Hi, I’ve spend the last few days reading about ELK and Graylog and I have a few questions about Filebeat+Graylog setup that I can not understand from the documentation.
This part of documentation explains how to manage Filebeat via Sidecar Ingest from files
It specifically says
The output module in filebeat is called logstash. It is needed to send messages to a Graylog beats input.
If I understand this correctly, it implies Graylog is able to ingest data send directly from Filebeat? And then Graylog is able to ingest this data to Elasticsearch w/o the need of any other 3rd party components?
But then I read documentation about Filebeat (Filebeat overview | Filebeat Reference [8.11] | Elastic) and other articles on the internet, and they pretty much claims that Filebeat can send data either to Elasticsearch directly (presumably bad idea) or to Logstash (that implies that Logstash needs to be installed and configured alongside the Graylog server) because Filebeat does not speak GELF (which is required for Graylog)
It does not seem that Logstash configuration is/can be managed via Graylog UI. It also does not seem that Logstash is distributed with Graylog. So, basically, Logstash needs to be managed on its own in addition to Graylog.
To summarize I have the following questions that I hope community can help me with:
Is it possible to use Filebeat directly with Graylog without Logstash?
If so, would that mean that Filebeat sends data directly to Elastic or to Graylog, and Greylog sends it to Elastic?
Logstash is often mentioned in terms of:
3.1. logs aggregation and transformation. What Logstash can that Graylog cannot?
3.2. Faulttolerance. Logstash can be used to buffer data on disk to absorb spikes and temporary unavailability of Elastic. Does Graylog server provides any level of fault tolerance for data ingestion on its own?
If I can use Filebeat directly with Graylog, what are the reasons to use Logstash? What Logstash can, that Graylog cannot?
Also, I wonder if anything related to Filebeat/Logstash have changes in recent Graylog versions? For example, maybe Graylog were not able to receives input directly from Filebeat in v3, but this support was added in v4 and that deprecated the need for Logstash?
For most beats, the logstash output is to send the messages to Graylog. For a beat, it makes no difference what receives the signals as long as it follows the protocol. The relatively new options to make use of a queue system are not (yet) implemented in Graylog so that the TCP input is the only option.
implying that beats can be directly processed by Graylog but, at the same time, pointing out that no queuing system was implemented in v3. I wonder if that has changed since then?

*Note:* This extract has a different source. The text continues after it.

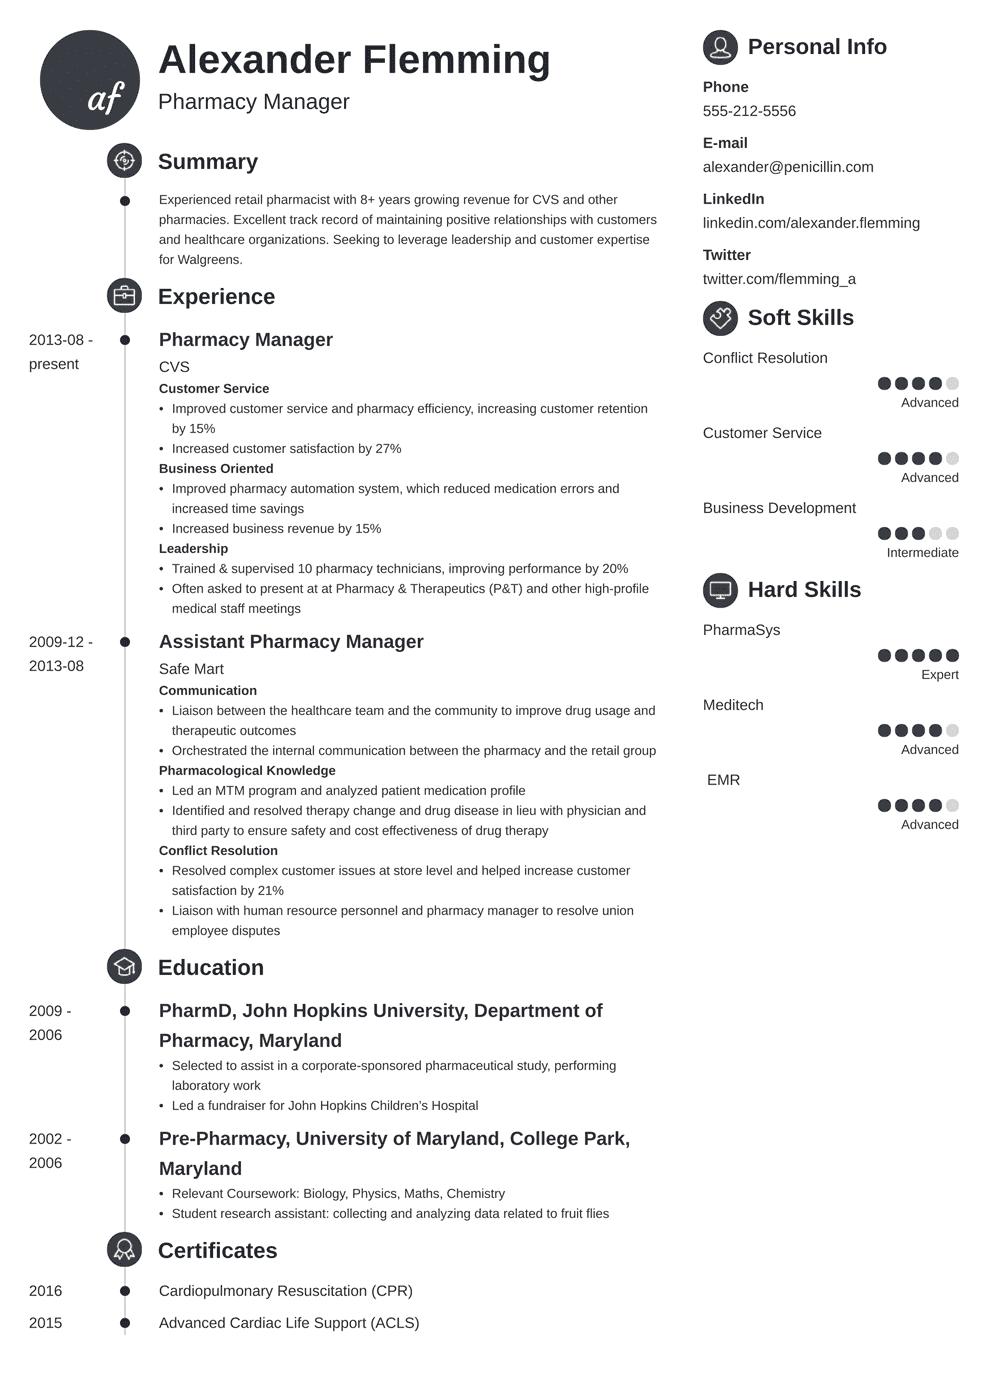 pharmacist resume template primo in 2020 Resume template

You have multiply choice to send and ingest logs/messages this wowuld depend on your environment.
With graylog you need to use one of many INPUTS ( i.e., GELF, Syslog, etc…)
I have seen others use Logstash but they direct it to one of Graylog’s INPUTS created so i dont see any use for LOgstash with Graylog. With Elasticsearch you can send data directly to Elasticsearch, in the Beats shipper configuration file it has setting to auto create dashboads and Index sets. As you know AWS forked Elasticsearch and create OpenSearch. But you can not do this with Graylog, Well you can hack it but end having issues.

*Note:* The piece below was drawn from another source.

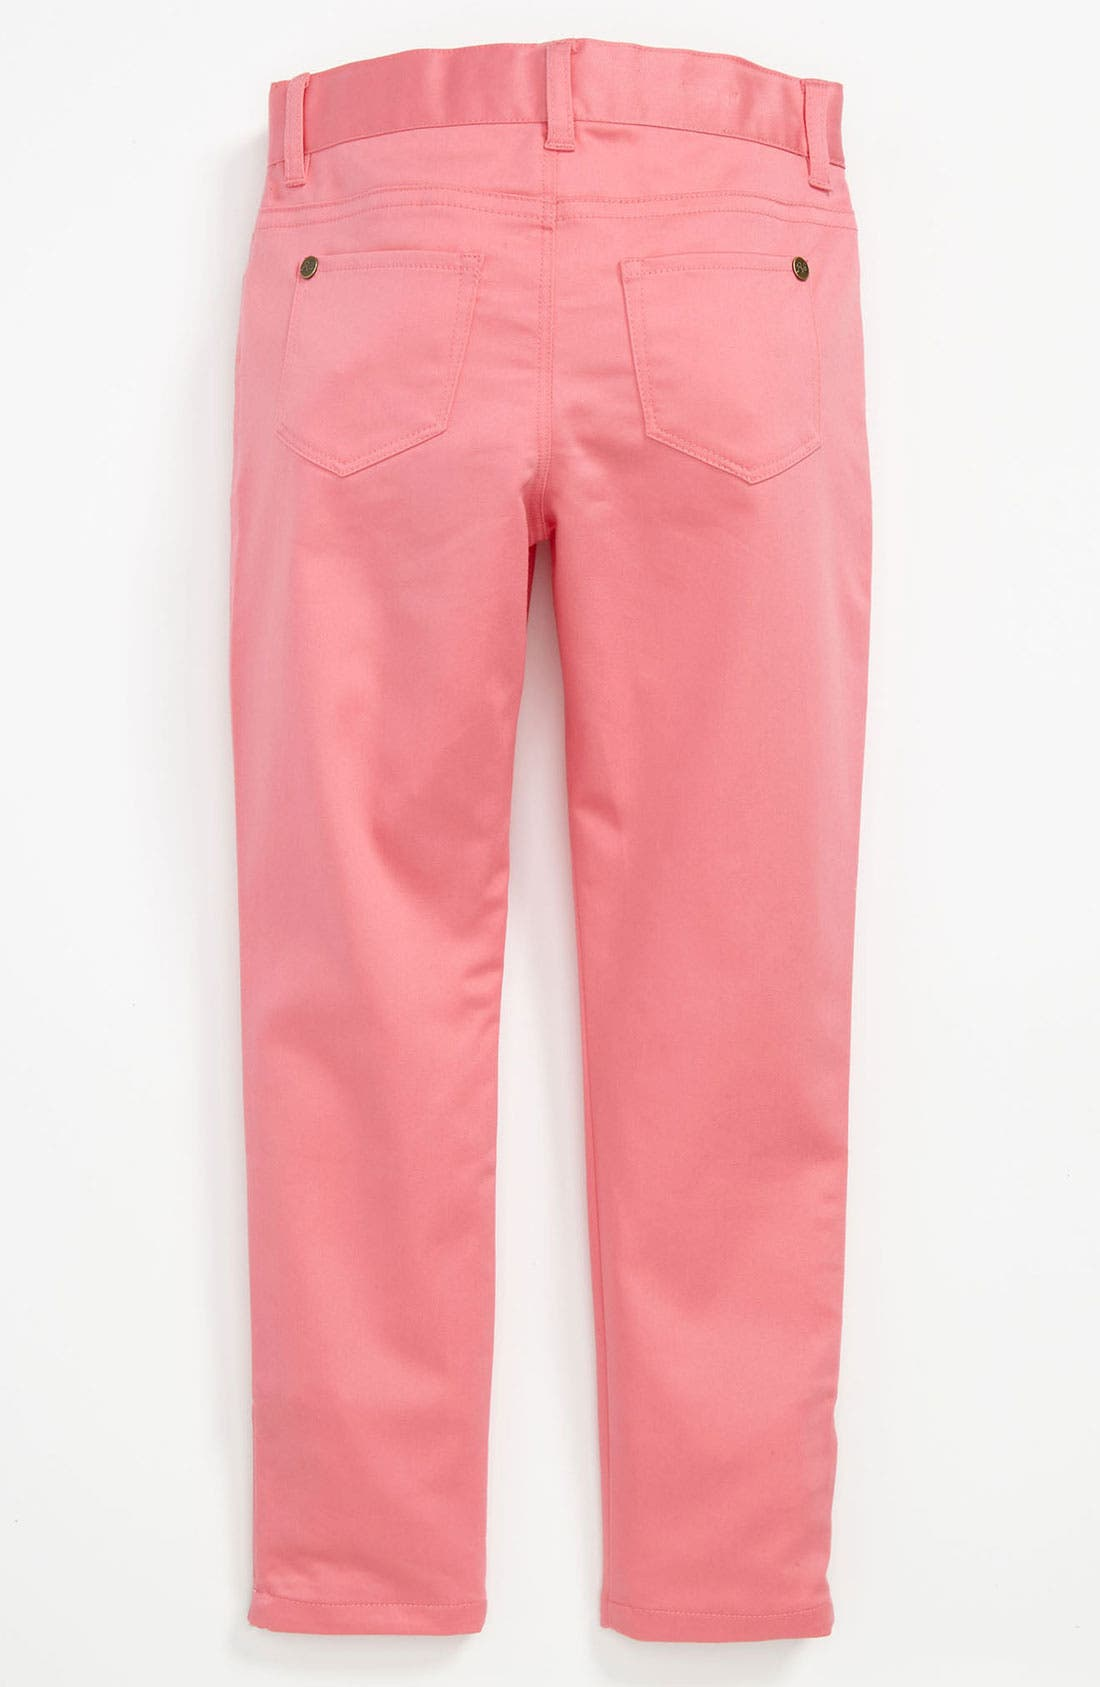 Alternate Image 1 Selected - Ruby & Bloom 'Ana' Ankle Pants (Little Girls & Big Girls)

You can use Graylog -Sidecar this is a rapper for Winlogbeat/Filebeat and you can control the remote shippers from the dashboard. Kind of like Anisble.

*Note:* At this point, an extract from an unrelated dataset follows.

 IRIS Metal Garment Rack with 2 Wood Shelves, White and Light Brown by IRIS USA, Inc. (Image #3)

Yes, in the means of clustering. since Graylog is using Opensearch AKA Elasticsearch fork. You have setting on how many shards created , retention, etc. If you using Graylog, again there really is no need to use Logstash.
If you want to use Logstash you might want to look up the history why it was made for Elasticsearch. Also I would not look at Elastic’s Documnetation, I would reference Graylog Documentation here…
Hi Smith, thanks so much for your answers. I’m trying to make sense of this statement in your comment
What I mean to ask is when we use Filebeat, they require to provide address:port in the configuration to send logs. What would be on the of ther side of this add:port? Would it be one of the Graylog components? Is it Elastic/OpenSearch? Does it have to be Logstash?
Yes, in the means of clustering. since Graylog is using Opensearch AKA Elasticsearch fork. You have setting on how many shards created , retention, etc. If you using Graylog, again there really is no need to use Logstash.
What I mean is fault tolerance of an individual instance that receives logs? For example, If I have a spike in logs sent from Filebeats, can Graylog handle that in a way that it won’t run out of RAM trying to buffer / store everything in memory? Logstash, I believe, first offloads add received logs to a disk, and then process it. SO, even it crashes during processing of a long entry, it won’t loose it until it’s send down the pipeline.
If you want to use Logstash you might want to look up the history why it was made for Elasticsearch.
I don’t. But a lot of documentation / articles sounds like I have to, to make it a production ready.
Graylog is configured to have a Journal and this is a directory. This is where all logs go to get indexed, found here
You dont have to but if your reading documentation’s from Elastic and/or Elasticsearch/Opensearch they use it because it easier to ingest/modify logs, where as Graylog does this through INPUT’s on the Web UI.